Recorded data:
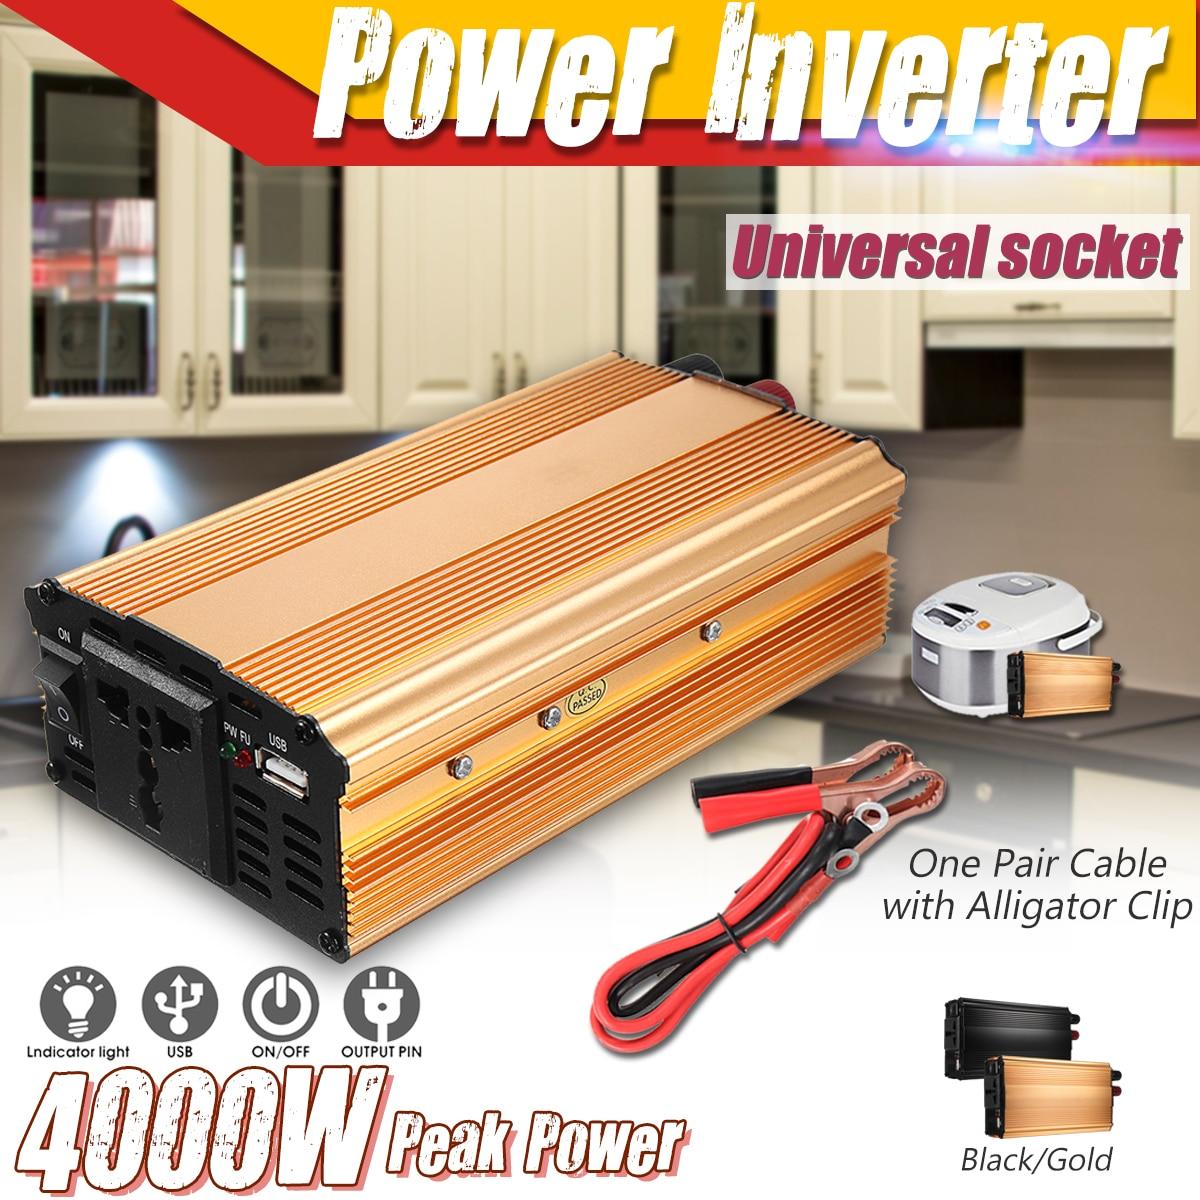 Inversor 12V 24V 220V 4000W pico inversor de corriente del coche transformador de voltaje convertidor 12 220 Cargador Solar inversor 12V 220V 1 macho
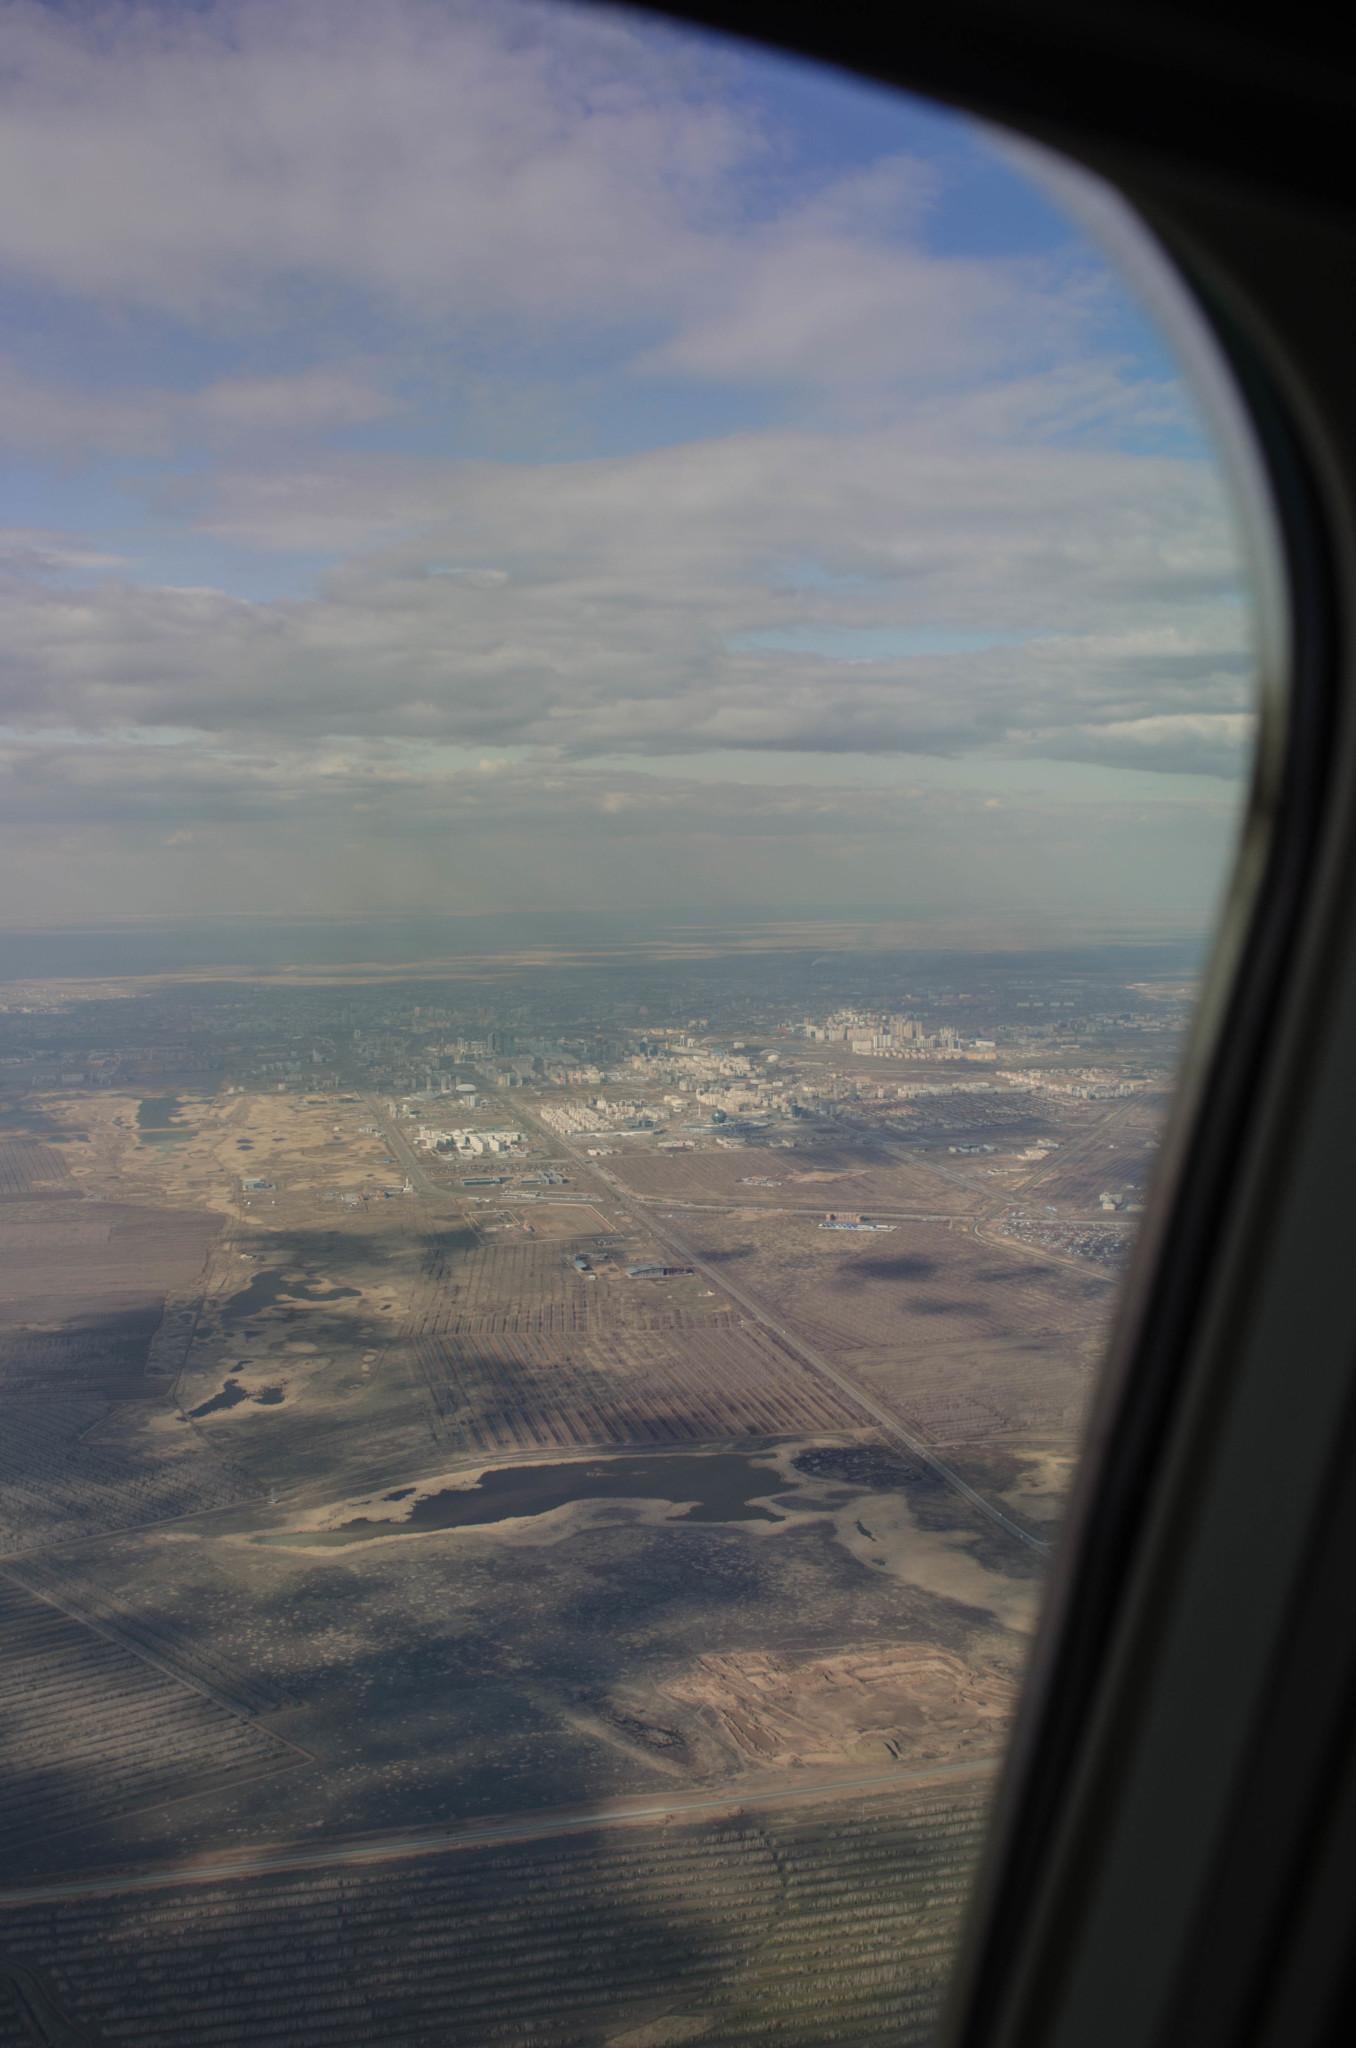 Aussicht aus dem Flugzeug der Air Astana
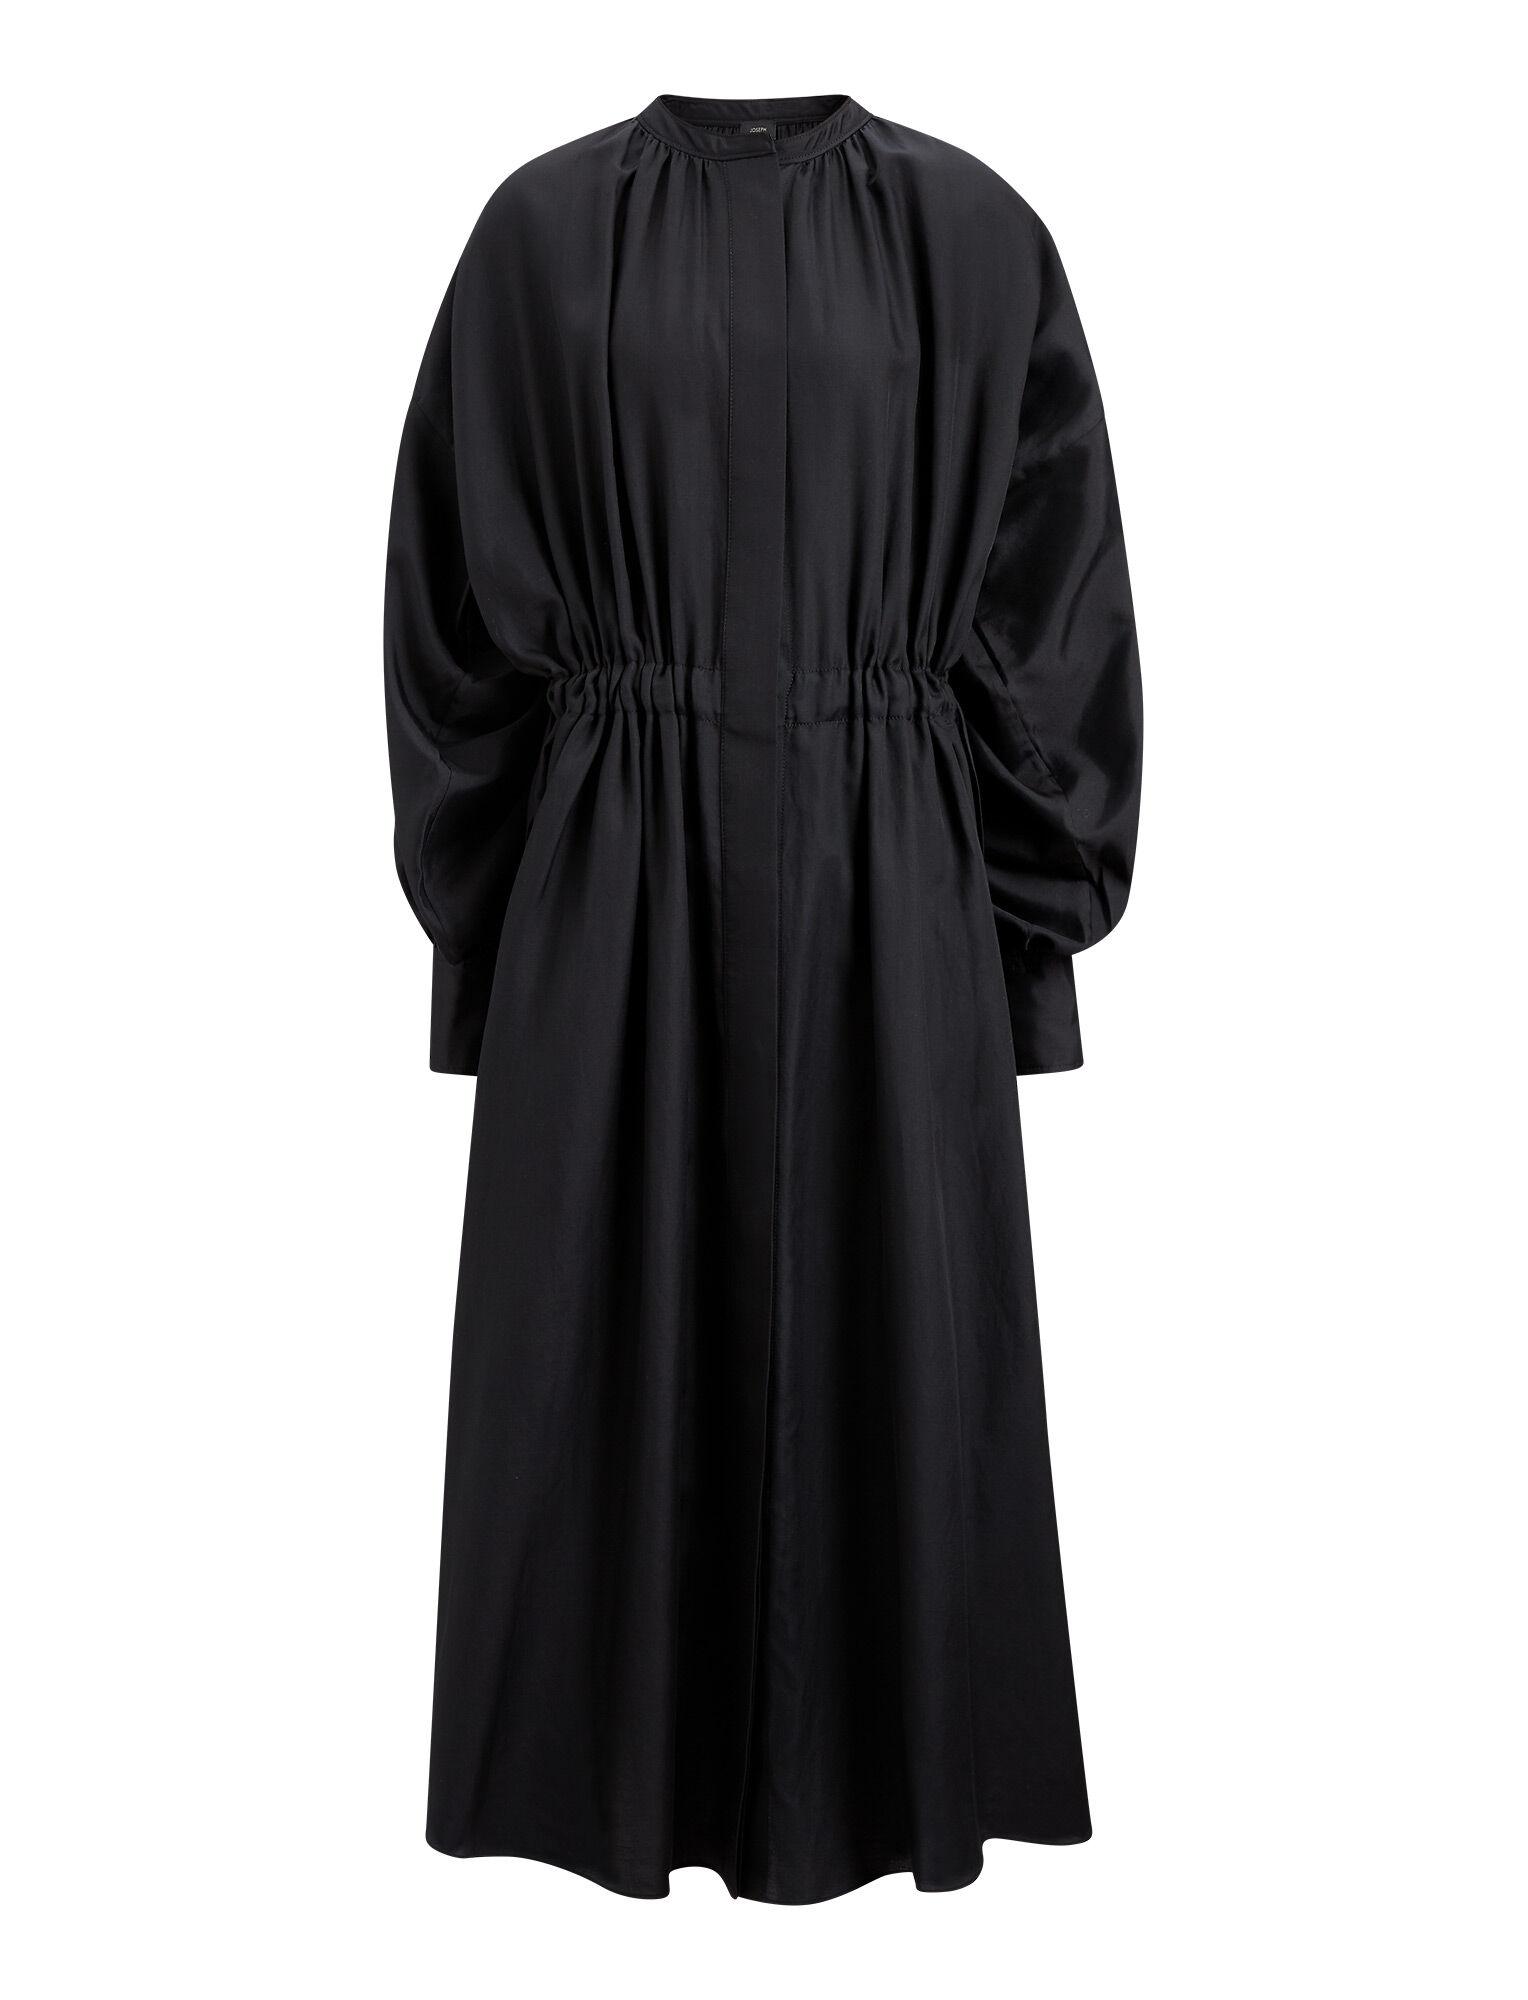 456635a036f0 Joseph, Rafael Cotton Silk Shirting Dress, in BLACK ...

What to work on:
Output nothing but an exact retyping of the material, pictures excluded.

Response to the exercise:
 Inversor 12V 24V 220V 4000W pico inversor de corriente del coche transformador de voltaje convertidor 12 220 Cargador Solar inversor 12V 220V 1 macho
 Aussicht aus dem Flugzeug der Air Astana
 456635a036f0 Joseph, Rafael Cotton Silk Shirting Dress, in BLACK ...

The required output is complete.